[Dclib-devel] CNN for Text Classification

SourceForge Headquarters 1320 Columbia Street Suite 310 San Diego, CA 92101 +1 (858) 422-6466

Hi dlib-users,

I guess this question is both related to MITIE and dlib: I would really
like to contribute an example for text classification with a CNN. I'm
working with the MNIST example code and I've got a few questions:

In MITIE I can use pretrained word embeddings from the english model
(total_word_feature_extractor.dat). E.g. the wordrep tool shows the
feature vector for a word with --test <Word>.
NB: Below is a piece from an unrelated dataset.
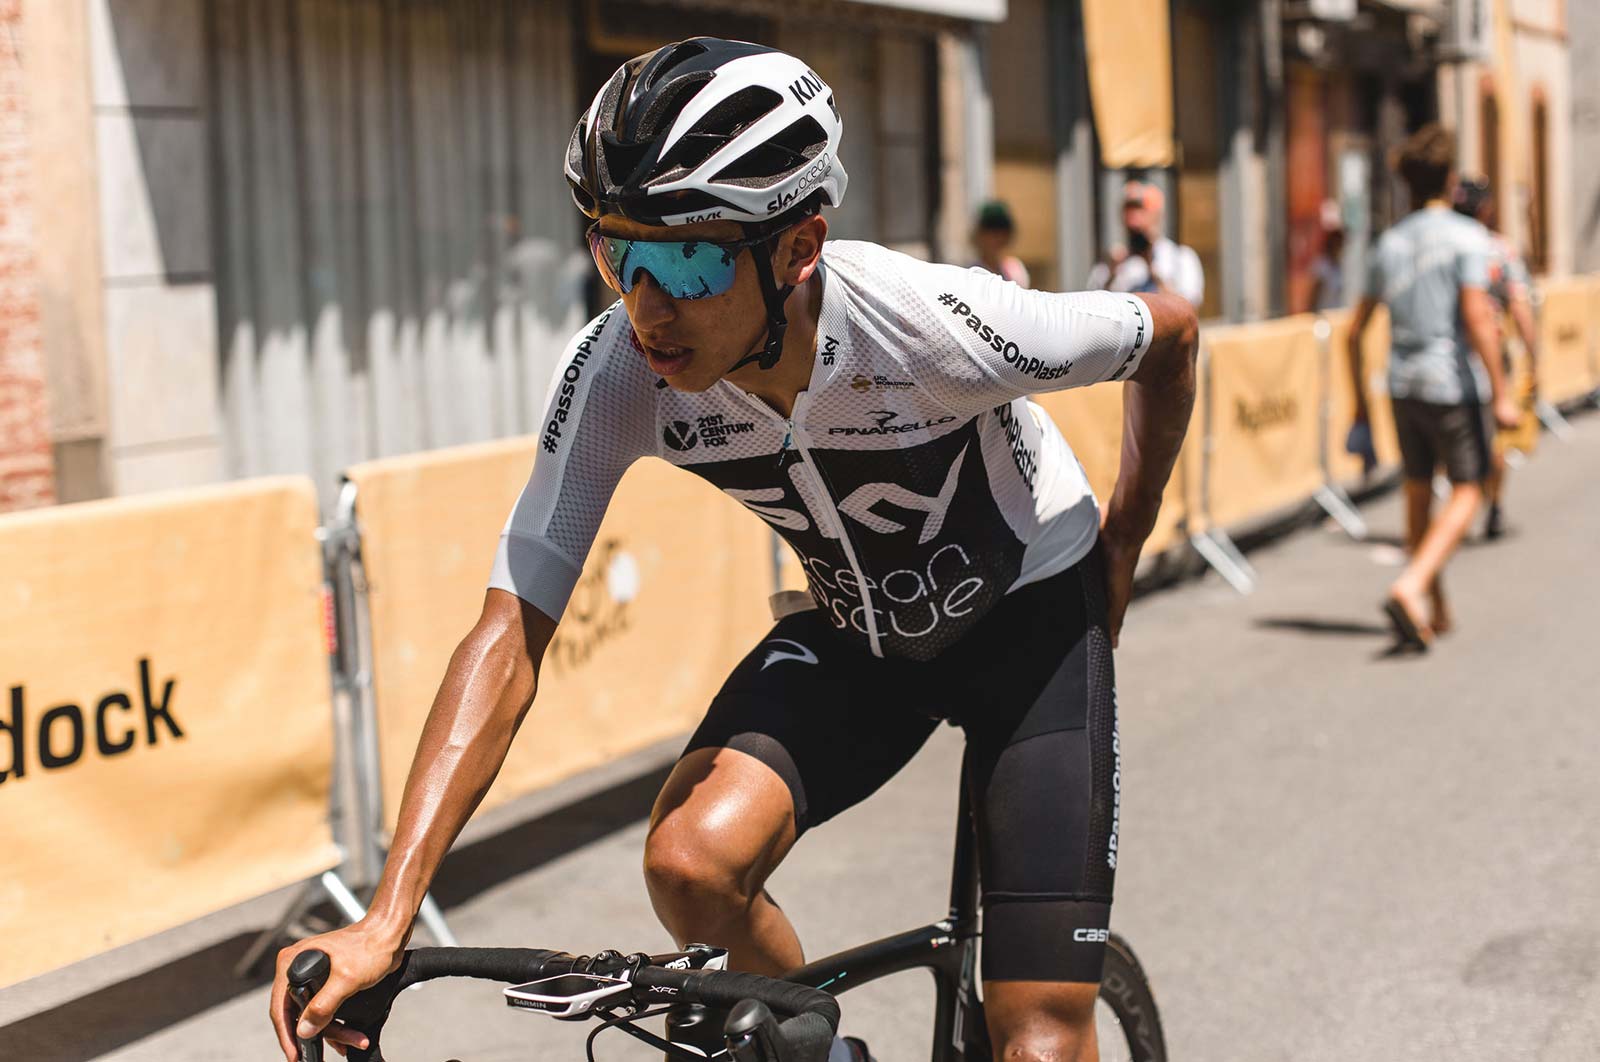 2019 Tour de France - Egan Bernal

What is the correct way to the get a sentence representation? At the
moment I' using the following code:

matrix<float,0,1> sentence_matrix;

for (auto &word : sentence) {
  matrix<float,0,1> feats;
  fe.get_feature_vector(word,feats);

  join_rows(sentence_matrix, feats);
}
testing_set.emplace_back(sentence_matrix);
testing_labels.emplace_back(1);

Of course I have to pad the sentence, but would this code create a
correct sentence representation which I could later use to train the
network? The intention is to create a n x k representation for the
sentence (n = length of sentence, k is length of feature vector from
word embedding). For the concatenation of each word I found the
join_rows method, or should I use something else?

Thanks in advance + regards,

Stefan